Sollten sich die Schengen-Länder politisch nicht auf Unterstützung für Italien einigen, könnte bald der Gerichtshof für Menschenrechte eingreifen: In Strassburg befasst sich die Grosse Kammer mit einem Fall, in dem sich ein Asylbewerber gegen seine Ausschaffung aus der Schweiz nach Italien wehrt. Ihm und seiner Familie drohe in Italien wegen der desolaten Unterbringungssituation eine unmenschliche Behandlung, argumentiert der Afghane.

Auch Flüchtlingsorganisationen fordern einen Rückschaffungsstopp nach Italien, wie er seit 2011 für Griechenland gilt. Bislang lehnte die Kleine Kammer in Strassburg Beschwerden gegen Abschiebungen nach Italien aber ab. Das Urteil der Grossen Kammer wird nach den Sommerferien erwartet.

Ein Leiturteil, das dem Afghanen recht gäbe, hätte einschneidende Konsequenzen. Solange sich die Bedingungen in Italien nicht gebessert haben, müsste die Schweiz Rückschaffungen nach Italien aussetzen oder zumindest in jedem Einzelfall auf ihre Rechtmässigkeit prüfen. Zurzeit bringt die Schweiz Hunderte Asylbewerber in jene Schengen-Länder zurück, in denen die Leute zuerst ein Asylgesuch gestellt haben.
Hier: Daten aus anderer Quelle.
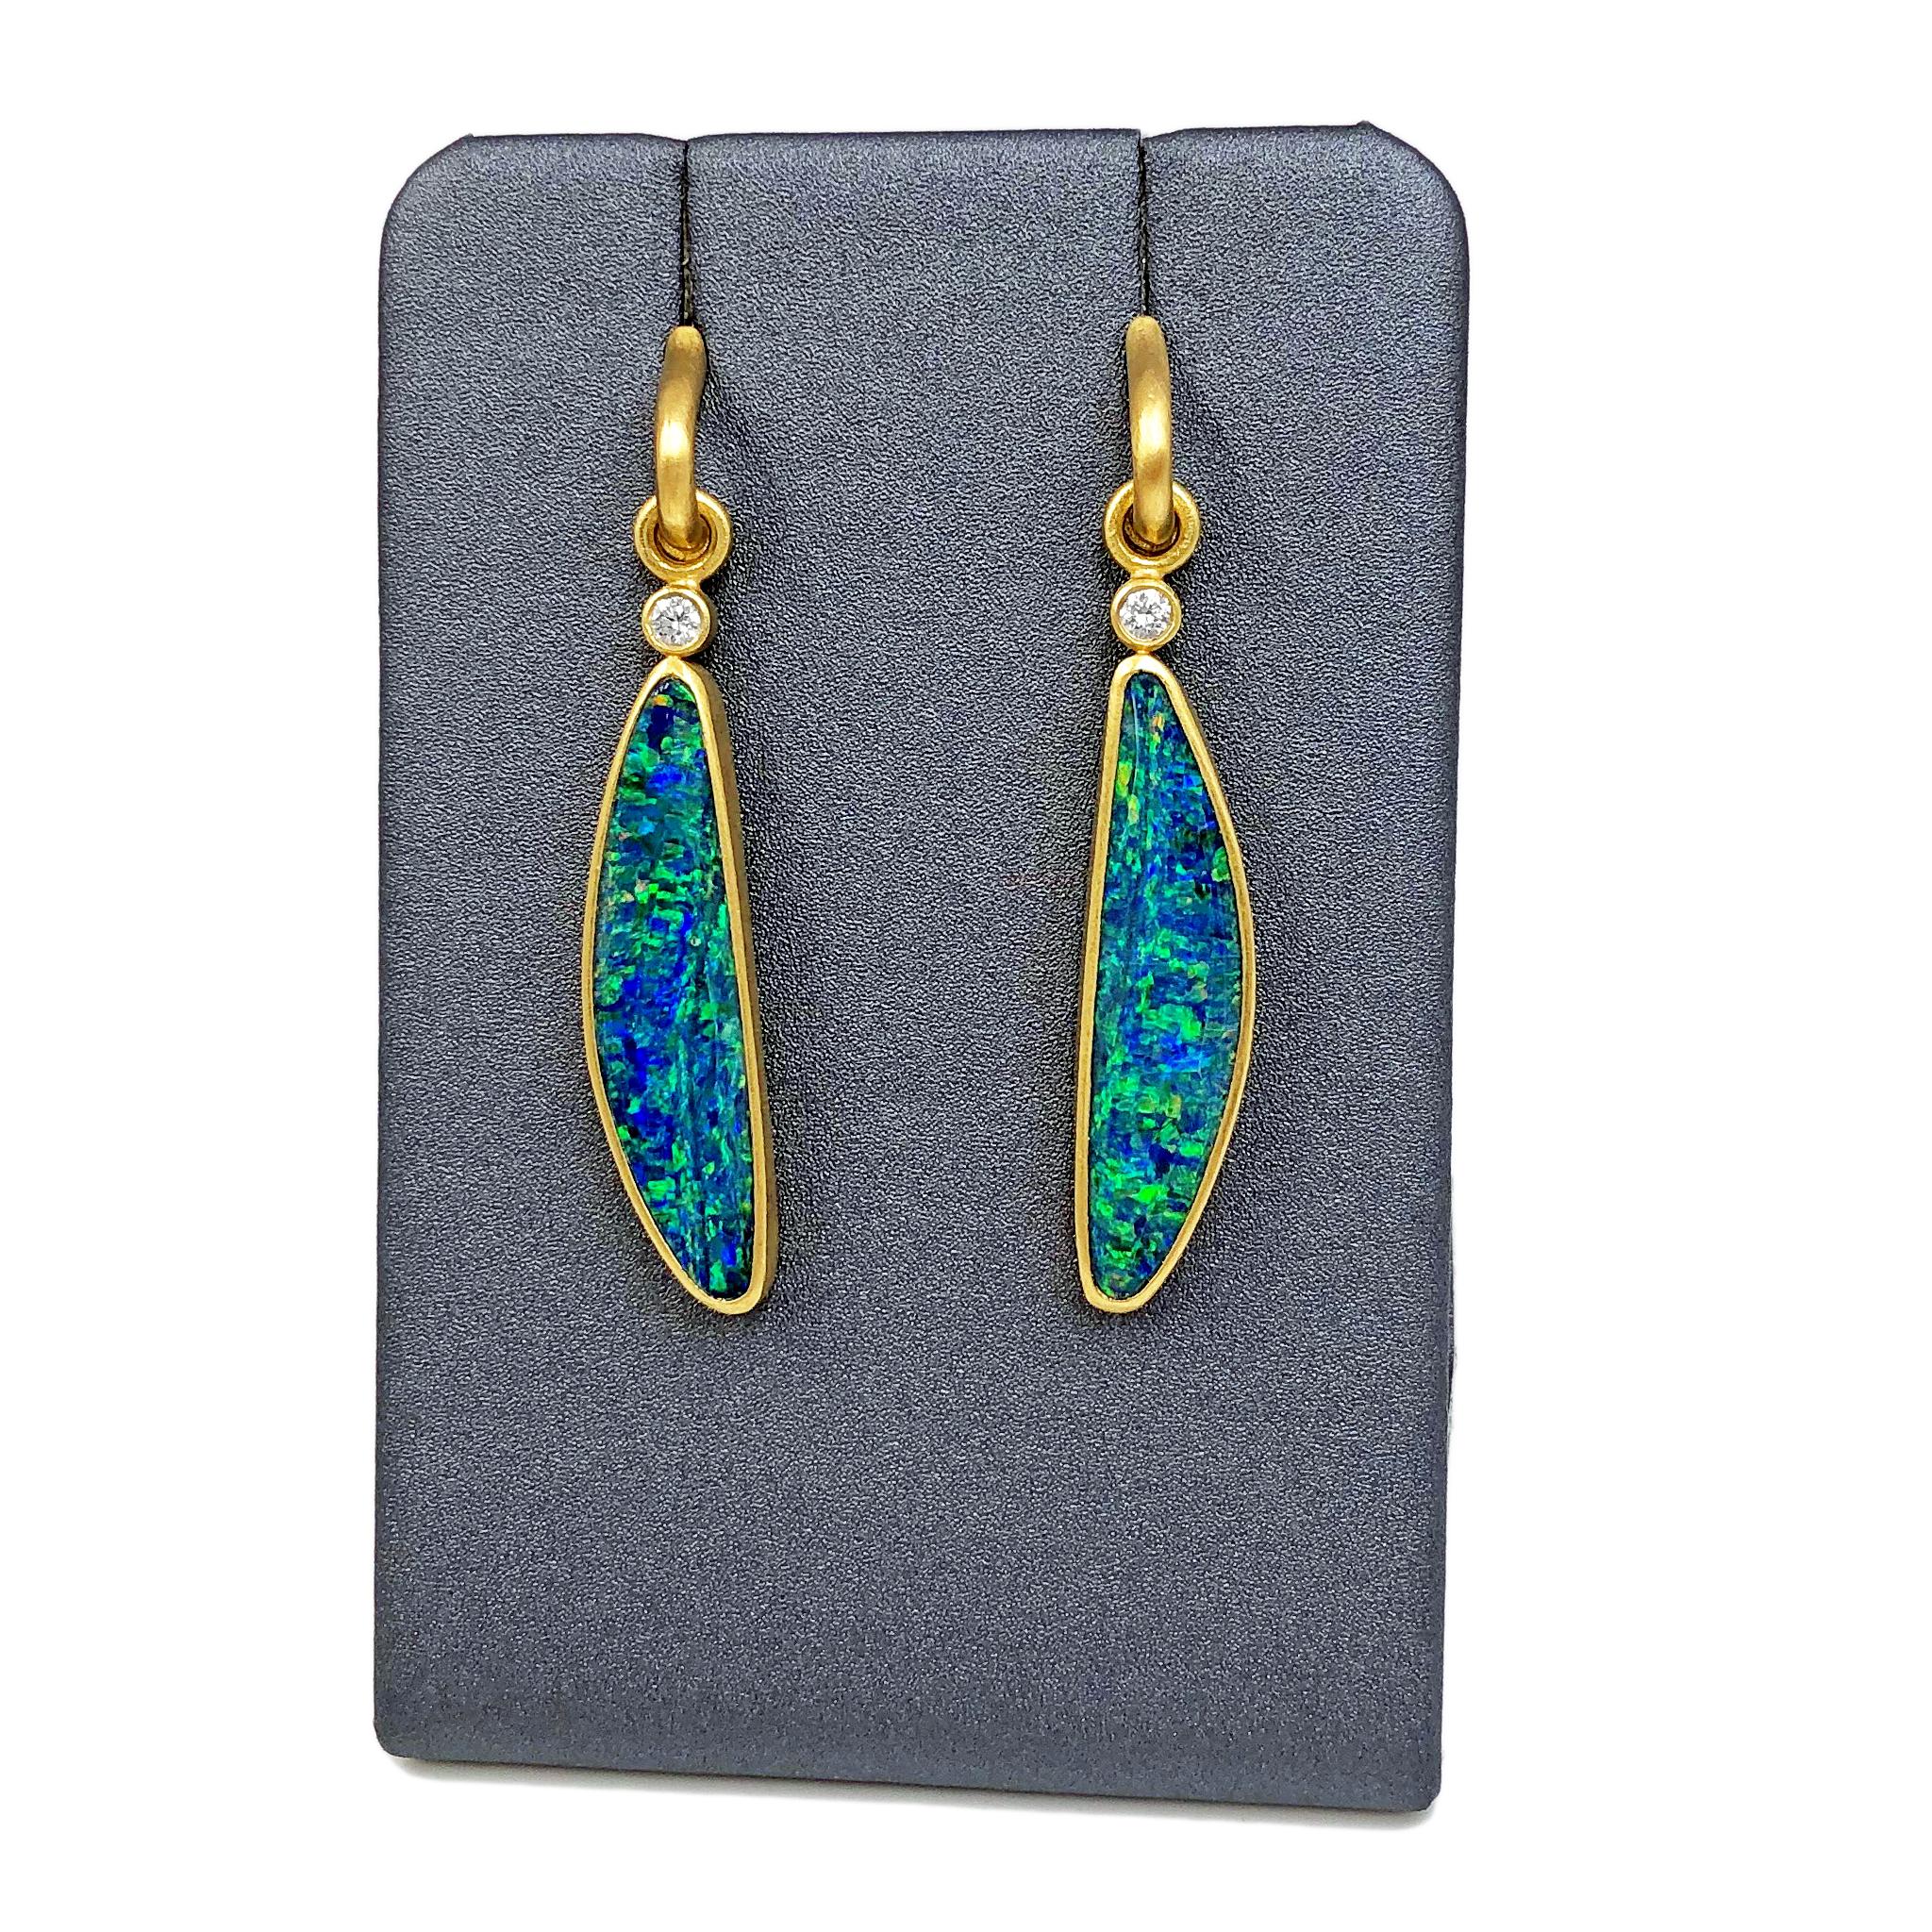 One-of-a-Kind Drop Earrings handcrafted by jewelry maker Denise Betesh in signature matte-finished 22k yellow gold featuring an exceptional matched pair of deep blue opal doublets totaling 9.63 carats showcasing strong neon green flash complemented

Von April bis Juni seien 678 Personen an den zuständigen Staat überstellt worden, teilte das Bundesamt für Migration gestern mit. Das sind mehr als zehn Prozent der in der gleichen Zeit gestellten rund 5400 Asylgesuche.
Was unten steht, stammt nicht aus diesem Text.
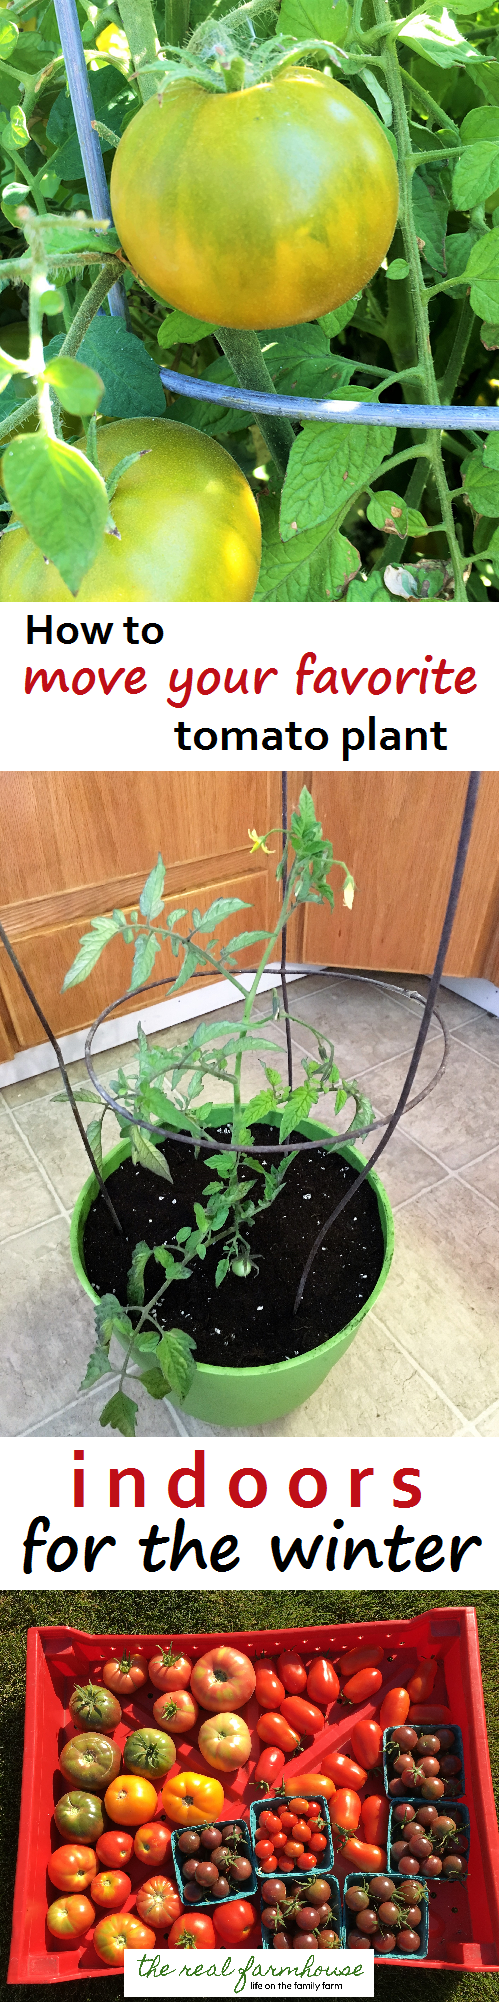 fresh tomatoes through the winter too! How to move your favorite tomato plant indoors safely

Herausforderung für Juncker

Die Flüchtlingskrise am Mittelmeer dürfte auch eine der grossen Herausforderungen für Jean-Claude Juncker werden, der heute zum neuen Präsidenten der EU-Kommission gewählt werden soll. Der Luxemburger hat angekündigt, dass er mit den Mitgliedsstaaten darüber reden will, Möglichkeiten für legale Einwanderung aus den Ländern Nordafrikas zu schaffen. Damit will er erreichen, dass Migranten sich nicht mehr in die Hände von Schleppern begeben müssen.

Gleichzeitig will der künftige Chef der Brüsseler Kommission aber auch den Schutz der Aussengrenze verstärken und das Budget der Grenzagentur Frontex erhöhen. Juncker könnte zudem in der EU-Behörde den neuen Posten eines Migrationskommissars schaffen.